We generate the observed light curves by matching each SN’s position to the LSST pointings. Only a fraction of the 10 000 simulated SNe Ia have light curves, as objects falling outside the survey footprint are automatically excluded.

dset = skysurvey.DataSet.from_targets_and_survey(snia, lsst, progress_bar=True, discard_bands=True)
100%|██████████| 6784/6784 [00:30<00:00, 223.64it/s]

Note on discard_bands=True: Observations in bands whose wavelength range falls outside the spectral coverage of the defined sncosmo model are automatically removed.

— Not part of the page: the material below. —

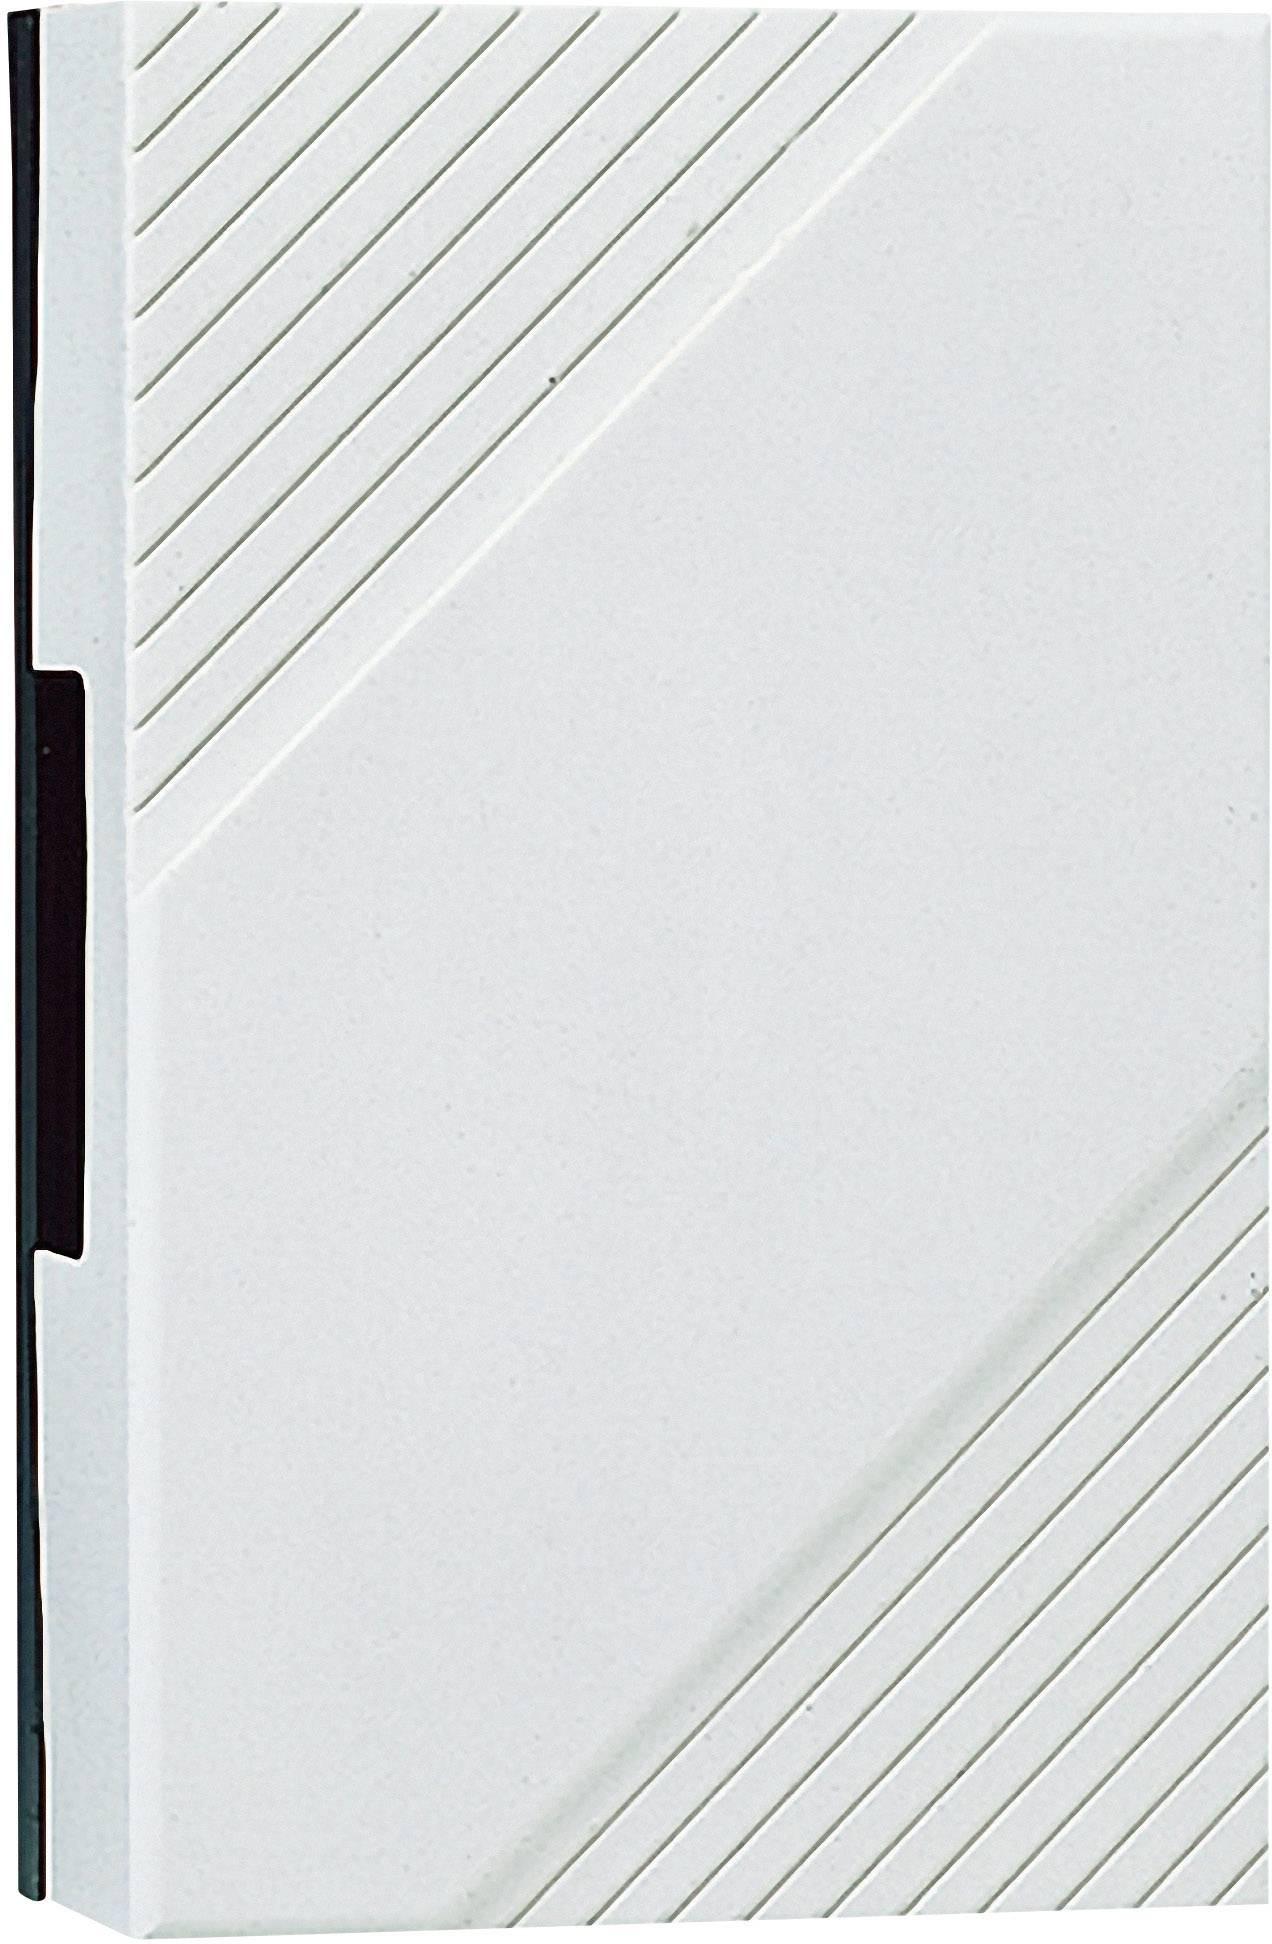 Gong Grothe Gong 169 Bw 44169, 8 - 12 V, 85 dB (A), biela

This can happen in two cases:

  • Band redder than model spectral range (low redshift): the band’s red edge exceeds the model’s maximum wavelength. This occurs, for example, for LSST’s lssty band (9084–10945 Å) when using the SALT2 model at low redshift (z ≲ 0.19), where the model has not yet been sufficiently redshifted to cover the y-band.

  • Band bluer than model spectral range (high redshift): the band’s blue edge falls below the model’s observer-frame minimum wavelength, which shifts to longer wavelengths as redshift increases. This can affect the lsstu band (3105-4086 Å) at high redshift. In simulations extending to z ≈ 2.5, this effect starts to appear around z ≳ 0.6-0.8, becomes common for z ≳ 1.5, and dominates at z ≳ 2, where a significant fraction of observations can be discarded for a given SN. Overall, ~60–80% of simulated SNe Ia have at least one discarded observation due to this effect, with the number of discarded observations per SN varies widely (from a few points to several tens depending on redshift).

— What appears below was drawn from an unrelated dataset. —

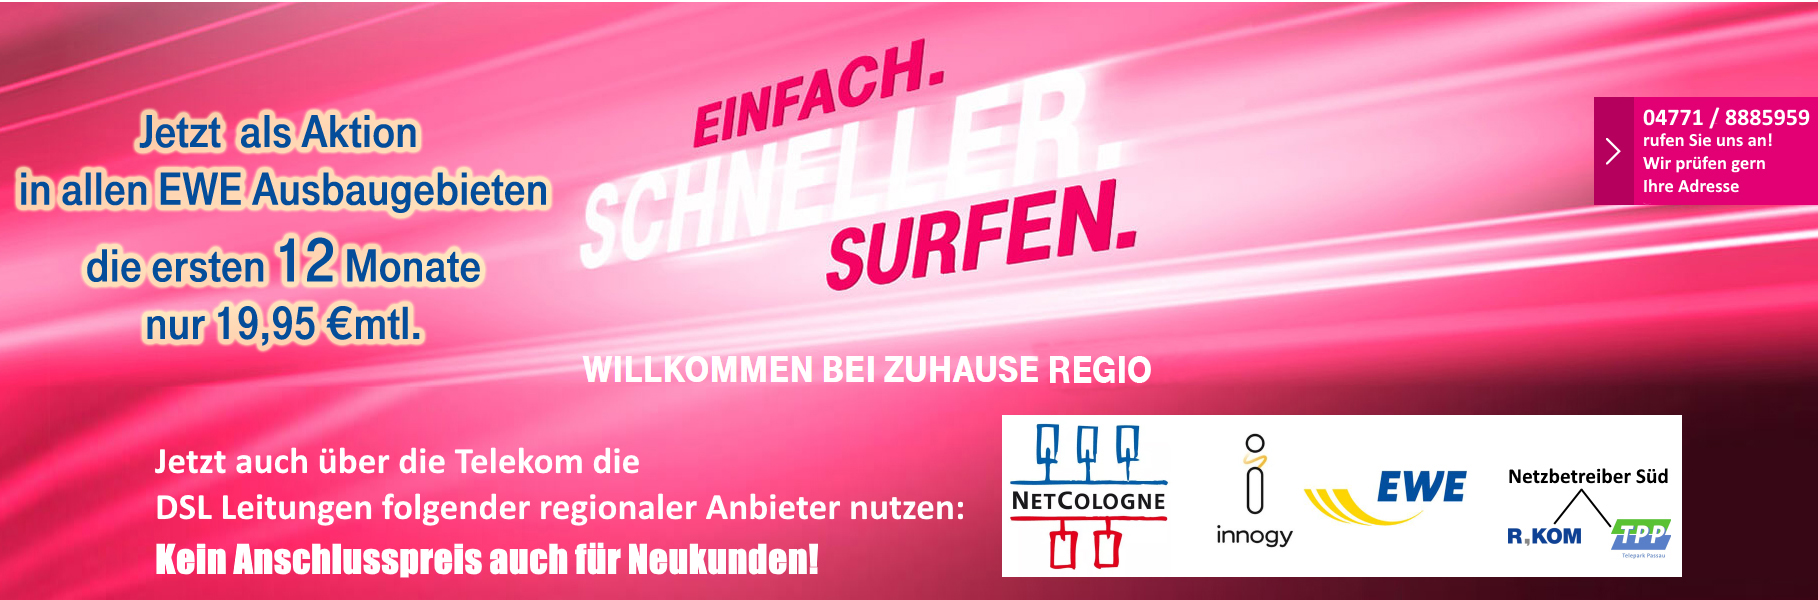 Nicotel Mobilfunk Magentazuhause Regio

In this notebook (z ≤ 0.5), only the first case occurs, affecting a small fraction of the sample (~3–5% of SNe Ia, in the y-band, at low redshift (z ≲ 0.19)).

dset.get_ndetection()
index
3        27
8        14
12       23
14      281
17        4
       ... 
9986     27
9988      3
9994      7
9996     33
9997      4
Length: 3770, dtype: int64

get_ndetection() returns the number of 5σ detections per SN Ia. SNe Ia with zero detections are excluded from dset.data.

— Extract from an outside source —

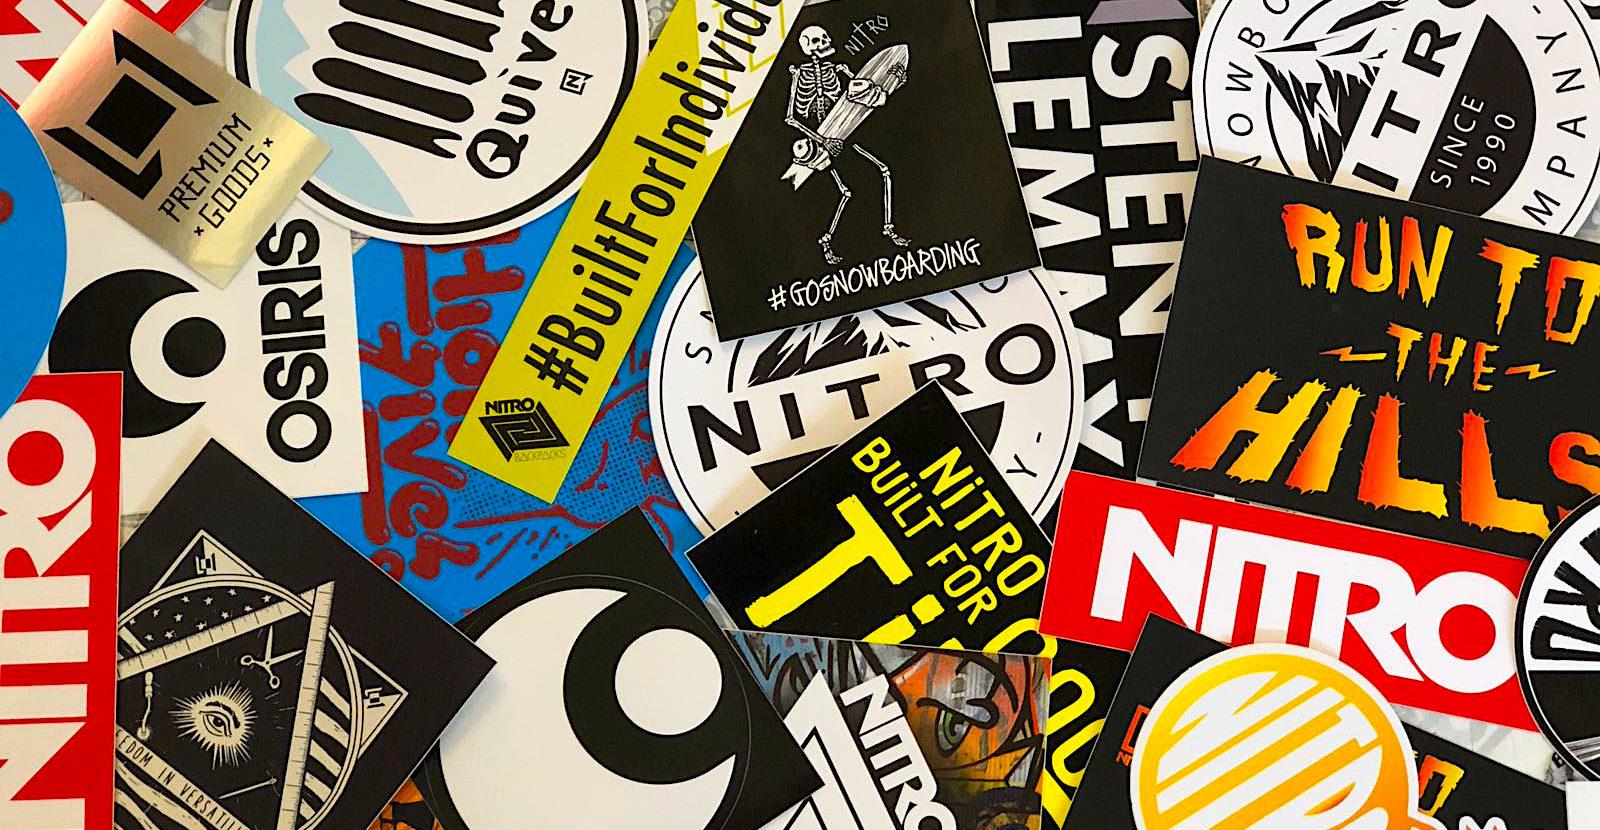 Cataloghi/stickers

The light curves of a specific SN Ia shows observations in all LSST bands, for the phase range [-20, +40] days:

fig = dset.show_target_lightcurve(index=14, phase_window=[-20, 40])
../_images/606b83cfcf13eb56d07050259509ba1df4222c3bbec134e56cfa0dce4092dfc5.png

Quality cuts can then be applied to our sample to select SNe Ia with good light curves sampling for a cosmological analysis. A more detailed notebook, “Realistic use of the LSST survey” will be added in the documentation to “Analysis examples” section.